This article showcases the different ways these startups use data to provide value to customers, operate more efficiently, and deliver better financial returns. It is definitely worth a read.

#3. CDPs as the engine for growth: Case study and perspectives

Featuring Brookdale Senior Living, Futurum Research & Treasure Data, this MarTech Conference session is available to view on-demand.

This presentation and interactive session highlights how Brookdale Senior Living (with over 700 communities), uses a Customer Data Platform (CDP) to unify data from all of the tools in its martech stack (including homegrown technologies as well as technologies from acquired communities).

This has allowed them to get insights into the full customer journey, including the earliest interactions, which were previously harder to see. With this understanding, Brookdale has been able to develop a more seamless customer experience, deliver relevant content to different audiences, attribute leads more accurately, and optimize their approach to advertising.

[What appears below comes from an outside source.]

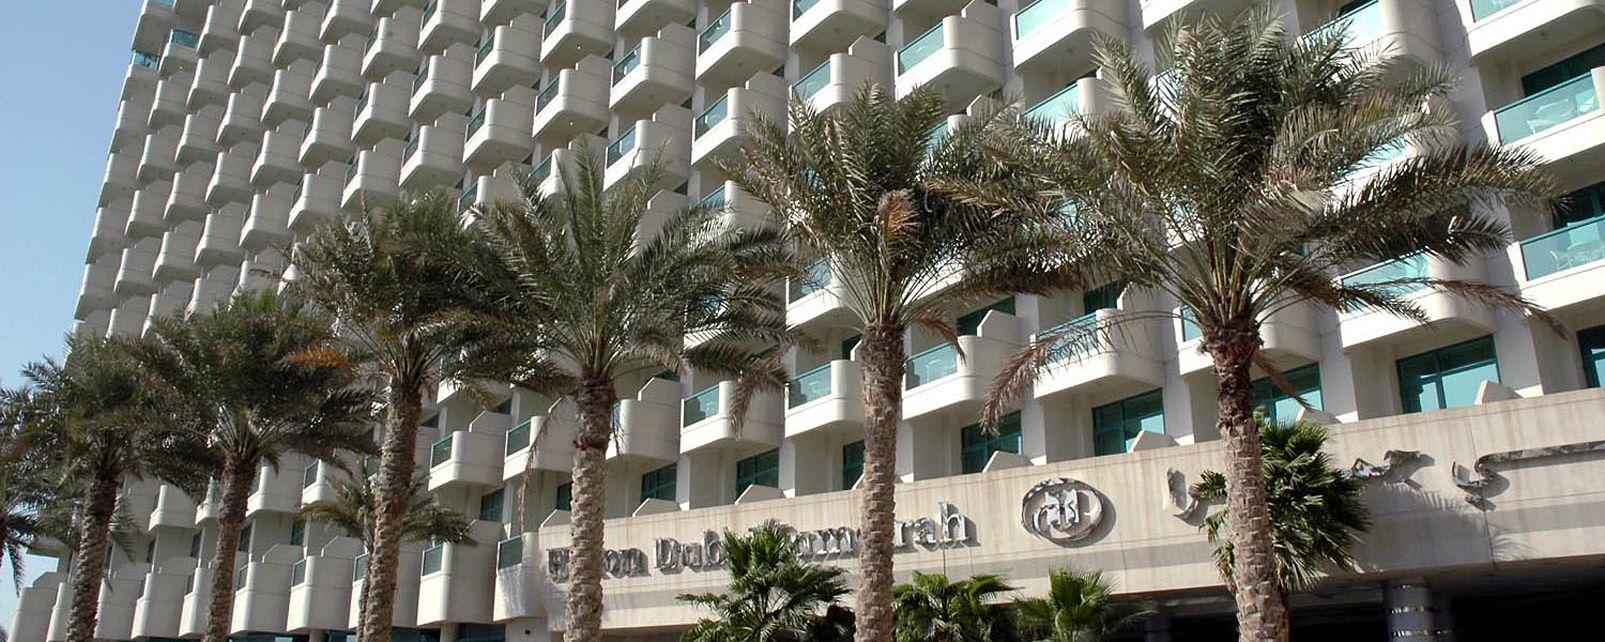 Hôtel Hilton Jumeirah Beach
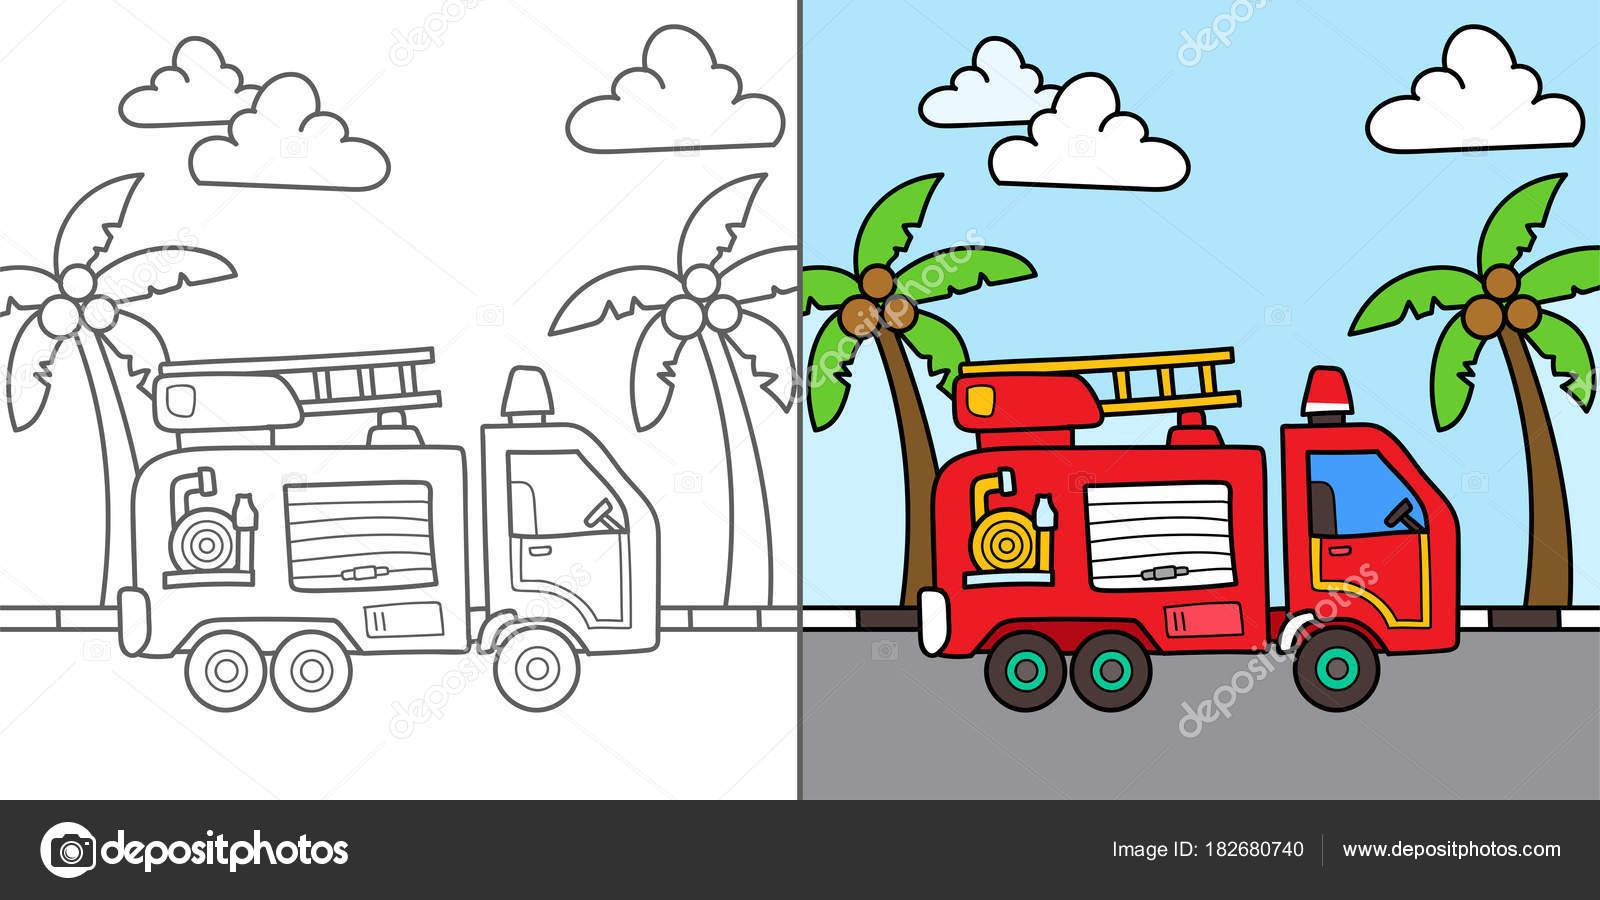 消防車ベクトル漫画イラスト 塗り絵 ストックベクター Yellowline

The talk also features insights from Daniel Newman, Principal Analyst at Futurum Research, about how the martech stack (as well as the overall tech stack) will need to change to build in more agility and efficiency, as well as to get access to unified data.

#4. Leveraging product and data-driven thinking to enhance sales team‪s

In episode 43 of the podcast “go Beyond the Data,” host Dave Mathias, talks with Michel Guillet, a Sr. Product Manager for SalesLoft, which helps companies engage with customers, build pipeline, and close revenue.

This is a useful episode about how to get the right insights for a particular audience (in this case, salespeople) and how to deliver it in the right format and in the right quantity. This is a great lesson in making data and insights actionable.

#5. Data Is Great—But It’s Not a Replacement for Talking to Customers

Read it at Harvard Business Review. And last…this is a slightly contrarian article about the pitfalls of falling in love with your data. It provides some practical tips on how to not fall into misleading data traps and how to stay grounded in reality.

It includes nuggets like this:

“…their data was based on nonsense. This came about because the questions they’d been asking were built on managers’ perceptions of what clients needed to answer. They weren’t constructed on what clients wanted to express. This resulted in data that didn’t reflect clients’ real requirements. The list of priorities obtained via client interviews compared to management’s assumed client priorities coincided a mere 50 percent of the time.”

Editor’s note: This is Edition 1 of the Truly Data Driven newsletter, published biweekly on LinkedIn. Subscribe to the series here. If you have a tip on a great resource to include in a future edition of Truly Data Driven, drop a line to Tom Treanor!

Tom Treanor
Tom Treanor
Tom Treanor was head of marketing at Treasure Data. He focuses on marketing, martech, CDPs, and digital marketing. Follow him on Twitter @RtMixMktg.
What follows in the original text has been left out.